Okay, we have: A = (H/2)(b1+ b2) Multiply both sides by 2/H: 2A/H = b1 + b2 Subtract b2 from both sides: 2A/H - b2 = b1

@MarkFL Word problem woes The length of the rectangle is 9ft less than twice the width of the rectangle. The peimeter of the rectangle is 54 ft. Find the width and the length

@MarkFL Hey Mark quick question. In 3x^3-5x^2=0 I know we factor out the x^2 so it's x^2(3x-5)=0 But what do we do with the x^2? The rest is easy, just when I checked it magically disappears haha.

You want to set each factor equal to zero and solve for x, to get all of the solutions...so solve these equations: x^2 = 0 3x - 5 = 0 What do you get?

Yes, the "zero factor property" states that if the product of two or more factors is zero, then at least one of the factors must be zero. So, if we can find the values of x that make each factor zero, we find all of the values of x that make the original product equal to zero.

Interesting, I guess my brain is trying to get over the "It's attached to the bracket" so treat it as part of the factor. Then I checked the next question as 2x^3-8x, pulled out 2x(x^2-4)=0 , 2x=0, x=0/2=0, x=0, (x+2)(x-2)=0 x=-2,2. Seems like the right steps?
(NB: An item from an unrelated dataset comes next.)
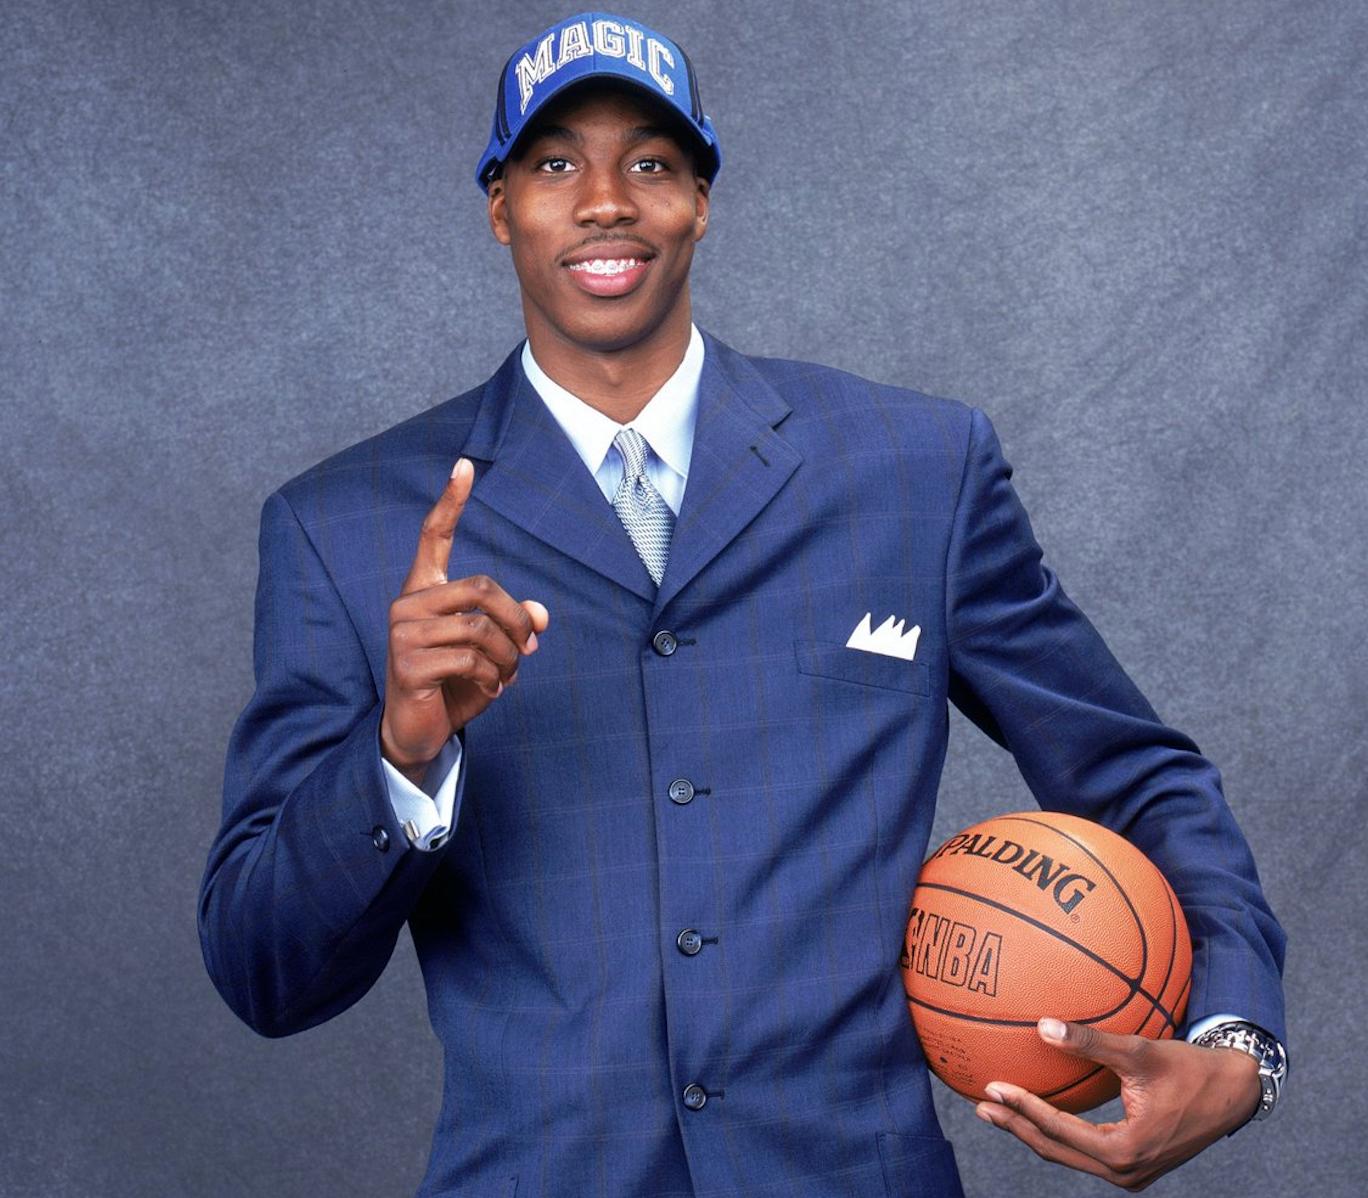 16年前的本日,魔术用状元签选中高中队员德怀特-霍华德

You rocked it, bro! Just a note: when you have gotten to: 2x(x^2 - 4)=0 Continue factoring: 2x(x+2)(x - 2) = 0 Now, at this point you can consider 2 and x to be separate factors...and setting 2 = 0 isn't going to yield anything (because it can never be true), so you can just set: x = 0 x + 2 = 0 x - 2 = 0 Solving these gives you, as you also found: x = -2, 0, 2

Sometimes you may get factors that can't be further factored into linear factors (factors of the form ax + b). So, you then use other methods for determining the roots of those factors, such as the quadratic formula if the factor is quadratic.

There are also cubic and quartic formulas, but they are extremely cumbersome. For those that don't factor or have rational roots, I will use the Newton-Raphson method from differential calculus to determine approximations for the roots.